IB Physics Topic 2 Videos

This video explores internal energy as the sum of kinetic and potential energy in a substance. It explains the three phases of matter based on kinetic theory and describes phase changes, including melting, freezing, vaporisation, and sublimation, with distinctions between boiling and evaporation.

This video defines temperature as the average kinetic energy of particles and explains how it changes within and across phases. It introduces the Kelvin scale and its relation to Celsius, emphasizing absolute zero as the lowest possible temperature.

This video discusses thermal energy as the total kinetic energy of particles and distinguishes it from temperature. It explains heat transfer between objects, the concept of thermal equilibrium, and phase change graphs, illustrating energy distribution during heating and cooling.

This video covers the concepts of thermal capacity, specific heat capacity, and latent heat, detailing how different materials absorb and transfer heat. It includes calculations for heating substances, phase changes, and energy conservation in thermal systems.

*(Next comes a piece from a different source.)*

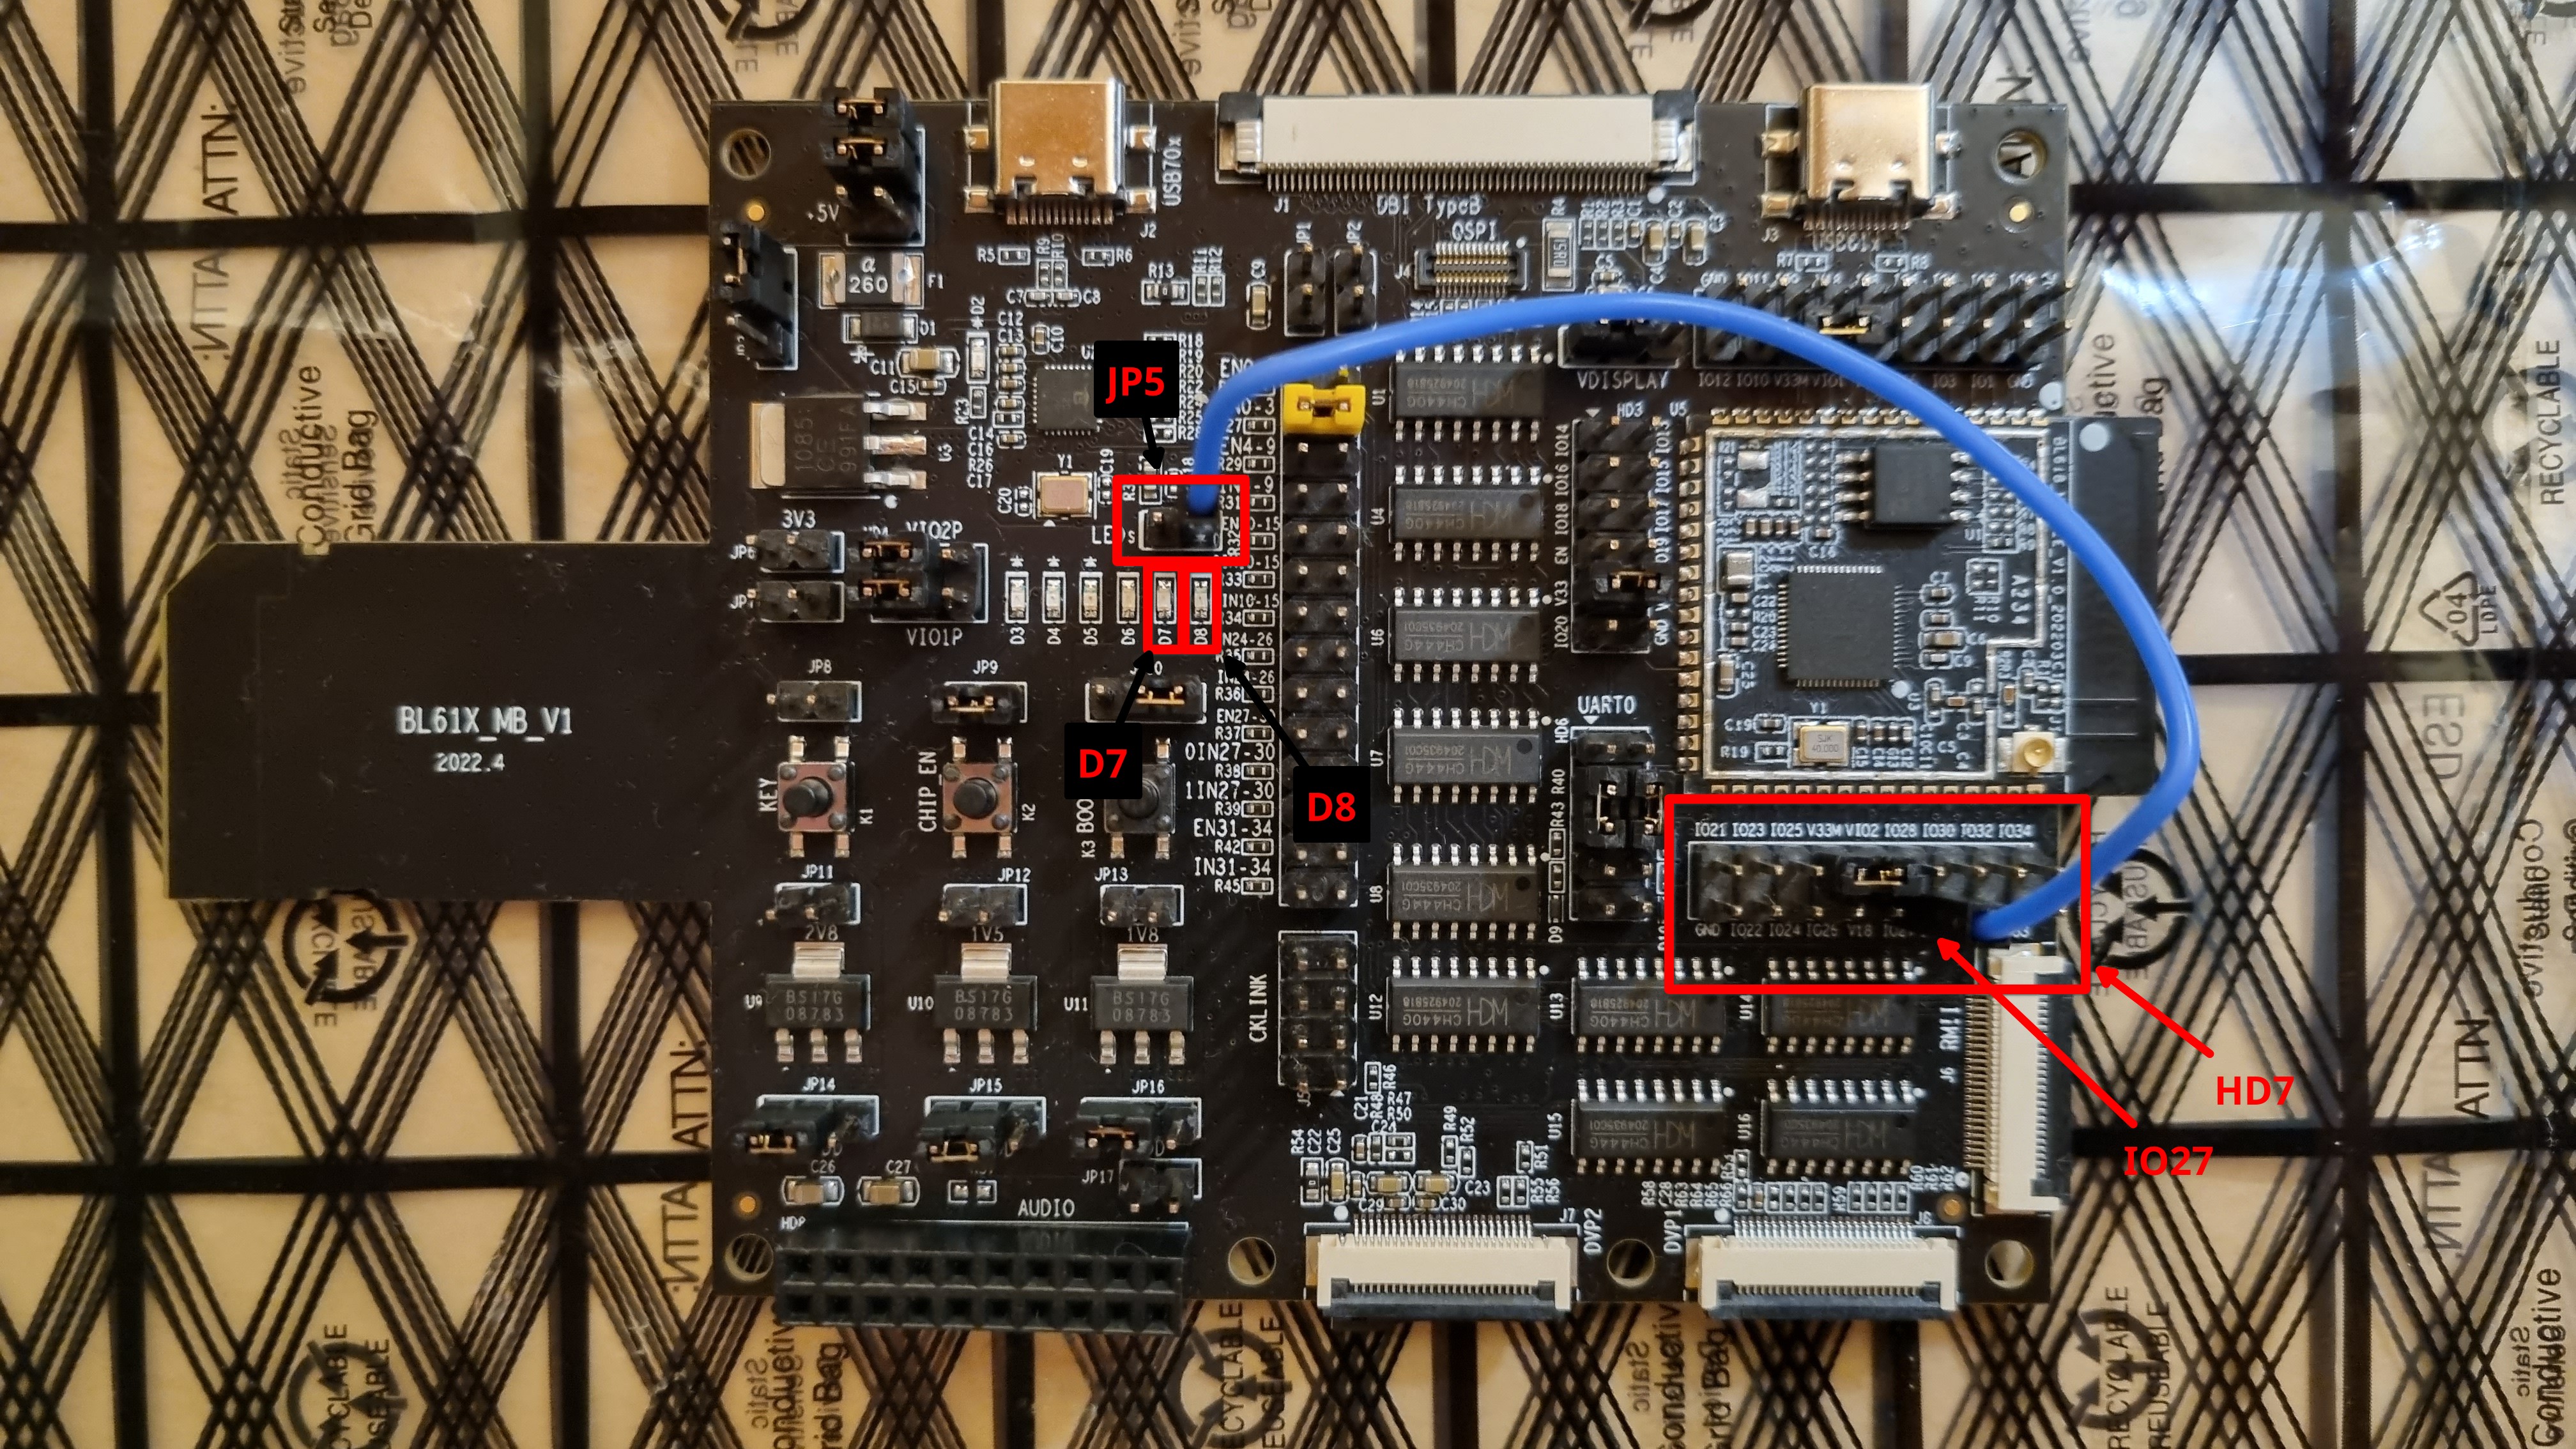 Connect D8 to GPIO27

This video examines the three main methods of heat transfer: conduction, convection, and radiation. It explains how each mechanism operates, factors affecting them, and how different materials act as conductors or insulators.

This video introduces black body radiation, focusing on Stefan-Boltzmann’s and Wien’s displacement laws. It explains how temperature affects radiation intensity and wavelength, using these principles to analyze stars and thermal emission.

This video explains how solar energy interacts with Earth, defining the solar constant and discussing factors like latitude, axial tilt, and atmospheric absorption. It highlights how Earth’s energy balance influences global temperatures.

This video explores albedo as a measure of reflection and emissivity as a measure of emission. It explains how greenhouse gases absorb and re-emit infrared radiation, contributing to the greenhouse effect and influencing global temperatures.

This video details how greenhouse gases trap heat, maintaining Earth’s energy balance. It discusses the enhanced greenhouse effect, its link to global warming, and scientific evidence supporting human-driven climate change.

This video introduces the concept of moles as a way to count particles in chemistry and physics. It explains Avogadro’s law, which states that equal volumes of gases contain equal numbers of particles at the same temperature and pressure. It also covers molar mass and gas volumes at standard and room temperature and pressure.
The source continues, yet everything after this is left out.